La discusión sobre los Derechos de las Audiencias concluyó formalmente con el cierre de la consulta pública, pero la controversia está lejos de terminar. La Cámara Nacional de la Industria de Radio y Televisión (CIRT) cuestionó la redacción de los lineamientos propuestos por la Comisión Reguladora de Telecomunicaciones (CRT) y advirtió que algunas disposiciones, por su ambigüedad, podrían abrir espacios de discrecionalidad con consecuencias para la libertad de expresión.

CDMX — La posición de la CIRT resulta significativa porque la organización no sostiene que la intención de la CRT sea censurar. Su objeción está en otro punto: una regulación puede no haber sido concebida como censura y, sin embargo, generar condiciones que permitan ejercerla discrecionalmente.

Ese es precisamente uno de los problemas centrales del debate.

La cámara, que agrupa a alrededor de mil 200 estaciones, cuestionó particularmente la posibilidad de imponer multas de hasta 1 por ciento de los ingresos por determinadas faltas relacionadas con la información, al considerar que ese régimen excedería las sanciones previstas expresamente en la legislación vigente, vinculadas principalmente con obligaciones como designar defensor de las audiencias y emitir códigos de ética.

La diferencia no es menor.

Una cosa es exigir a un concesionario que cumpla obligaciones administrativas claramente establecidas por la ley.

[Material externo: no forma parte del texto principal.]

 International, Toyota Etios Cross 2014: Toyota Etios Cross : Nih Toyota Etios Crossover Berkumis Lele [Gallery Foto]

Otra es otorgar a una autoridad capacidad para determinar cuándo un contenido informativo incumple criterios cuya interpretación puede ser subjetiva y después asociar esa determinación con una sanción económica.

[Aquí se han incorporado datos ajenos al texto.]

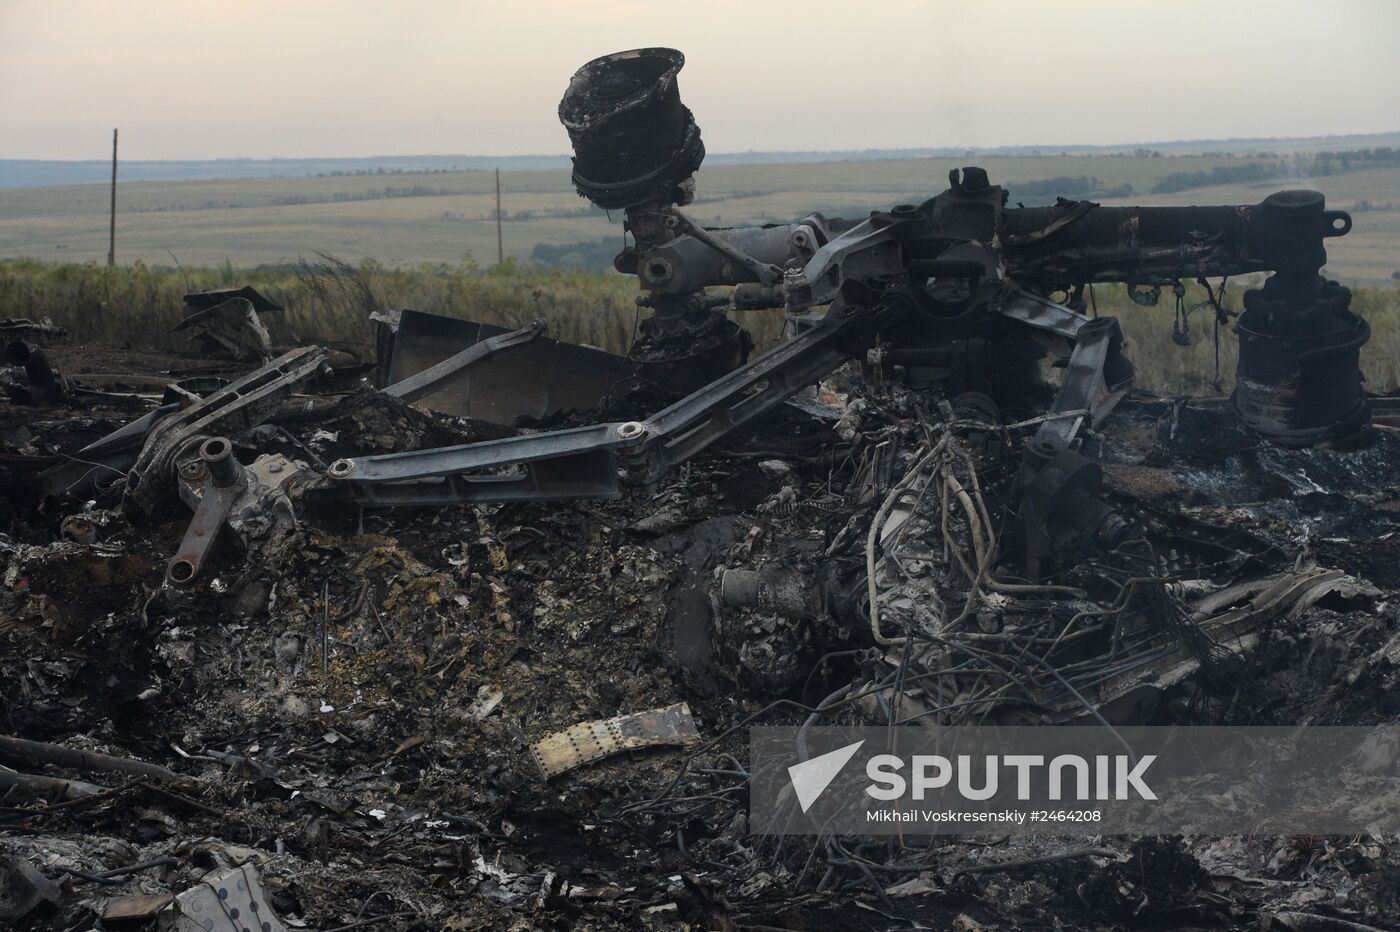 Malaysian Boeing crashes in Ukraine

Ahí aparece el riesgo de discrecionalidad.

La consulta pública recibió más de 6 mil 700 comentarios, de acuerdo con la información disponible, con una mayoría de opiniones en rechazo a la propuesta. A ello se sumó el análisis de Artículo 19, que advirtió que algunos planteamientos de los lineamientos podrían exceder lo establecido por la propia ley.

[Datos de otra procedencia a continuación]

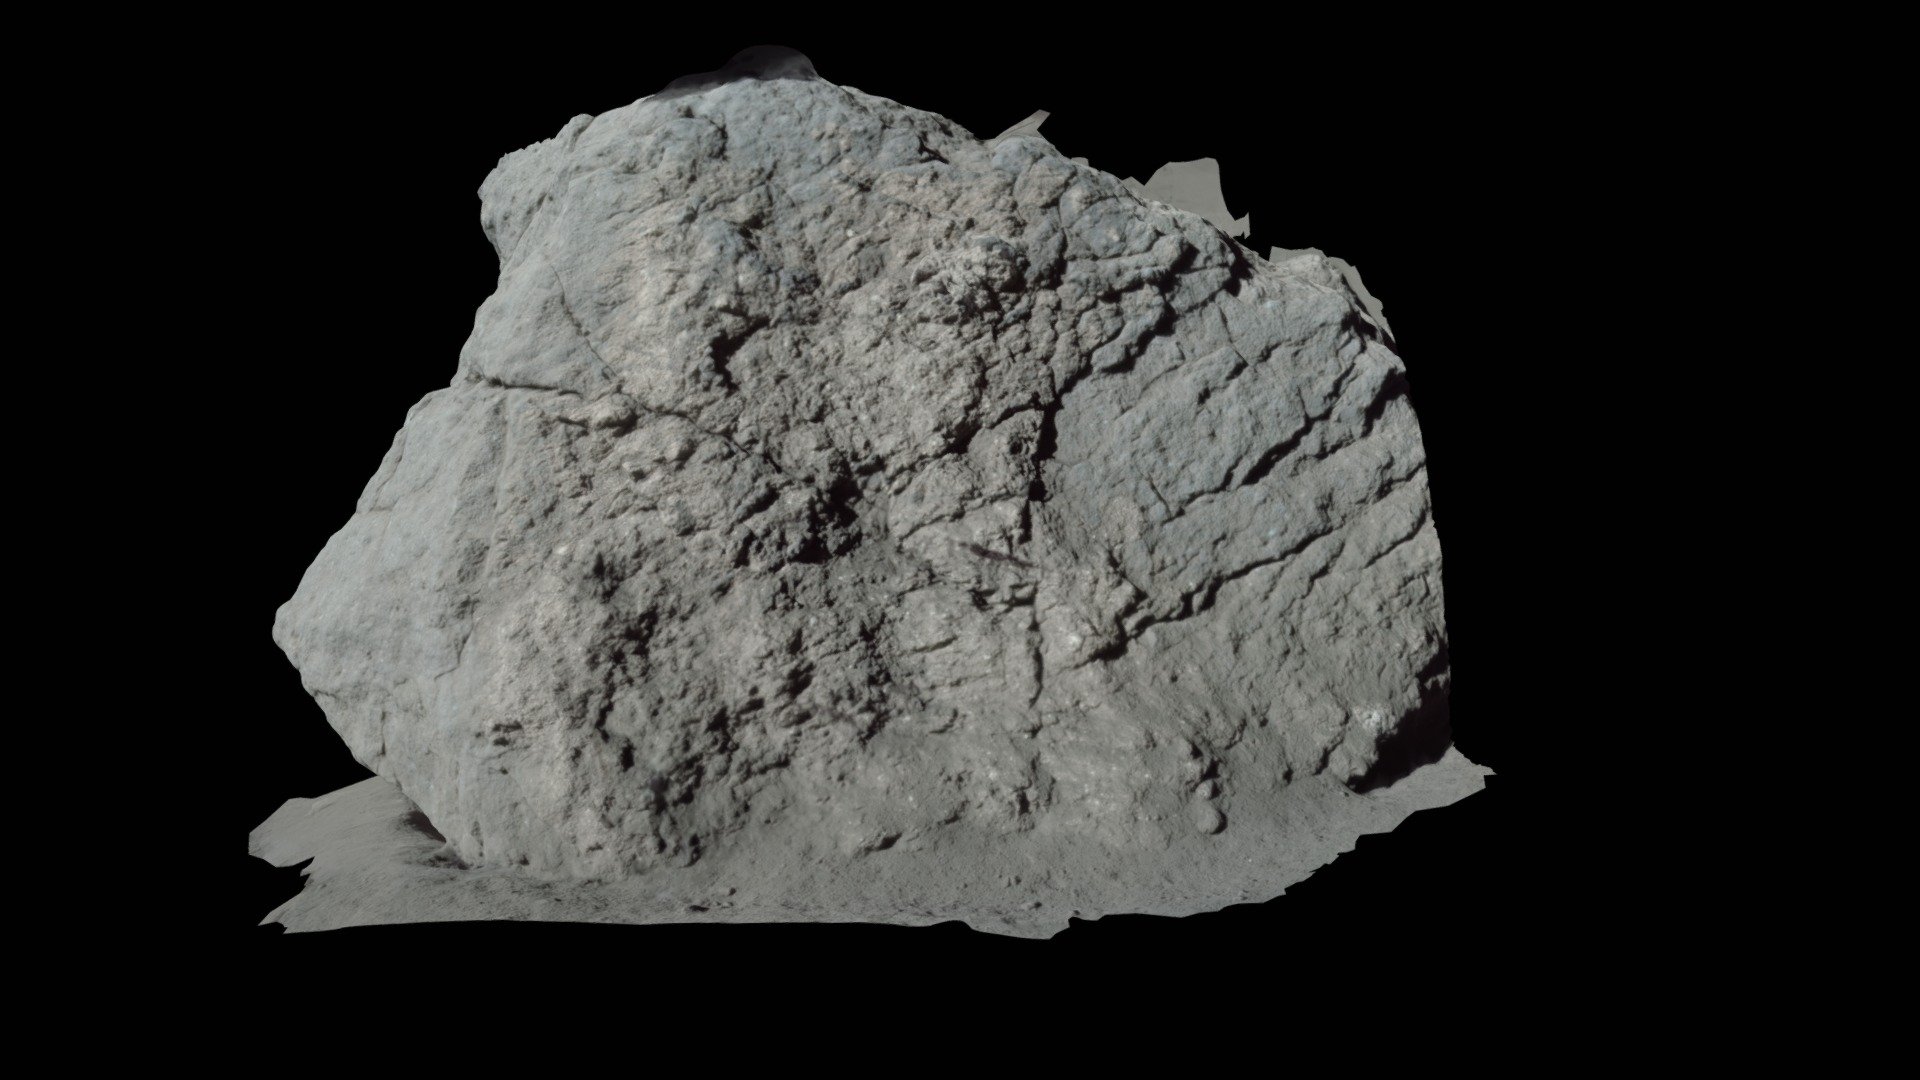 Apollo17 - lunar rock sampled on the Moon

La controversia, por tanto, ya no puede reducirse a la consigna de “Ley Censura” contra “protección de las audiencias”.

El verdadero problema jurídico es mucho más preciso:

¿puede una autoridad administrativa establecer mediante lineamientos obligaciones y consecuencias que no están claramente determinadas en la ley que pretende desarrollar?

Y existe una segunda pregunta todavía más delicada:

¿quién determinará cuándo una información es suficientemente veraz, clara, oportuna o contextualizada para efectos de una posible sanción?

La presidenta Claudia Sheinbaum ha rechazado que exista una intención de censurar y ha insistido en que la regulación se limita a los concesionarios de radio y televisión. También ha señalado que no se aplicará a la prensa escrita ni a los portales de internet.

Pero el alcance declarado de la regulación no elimina la necesidad de revisar cuidadosamente sus mecanismos.

Porque el problema de una norma no está únicamente en para quién aplica, sino en qué facultades concede a quien debe aplicarla.

La consulta ya terminó. Ahora corresponde al Gobierno y a la CRT demostrar que las observaciones recibidas no fueron simplemente un requisito de procedimiento.

La versión definitiva de los lineamientos todavía no se conoce.

Ese documento será, por tanto, la verdadera prueba.

Si la CRT elimina ambigüedades, delimita con precisión sus facultades, respeta estrictamente lo establecido por la ley y garantiza mecanismos efectivos de defensa para los concesionarios, una parte importante de las preocupaciones podría disiparse.

Si, por el contrario, conserva disposiciones abiertas a interpretación y mantiene sanciones cuya base legal sea cuestionable, la discusión cambiará de naturaleza.

Ya no se tratará solamente de una disputa entre Gobierno y medios.

Será una discusión sobre los límites constitucionales de la regulación administrativa de la información.

Y ahí el Gobierno tendrá que responder con algo más sólido que una declaración de buenas intenciones.

Porque en una democracia la libertad de expresión no debería depender de que una autoridad prometa no utilizar una facultad de manera arbitraria.

Debería depender de que esa facultad simplemente no exista, o esté estrictamente limitada por la ley.

Ese es el verdadero examen que comienza ahora.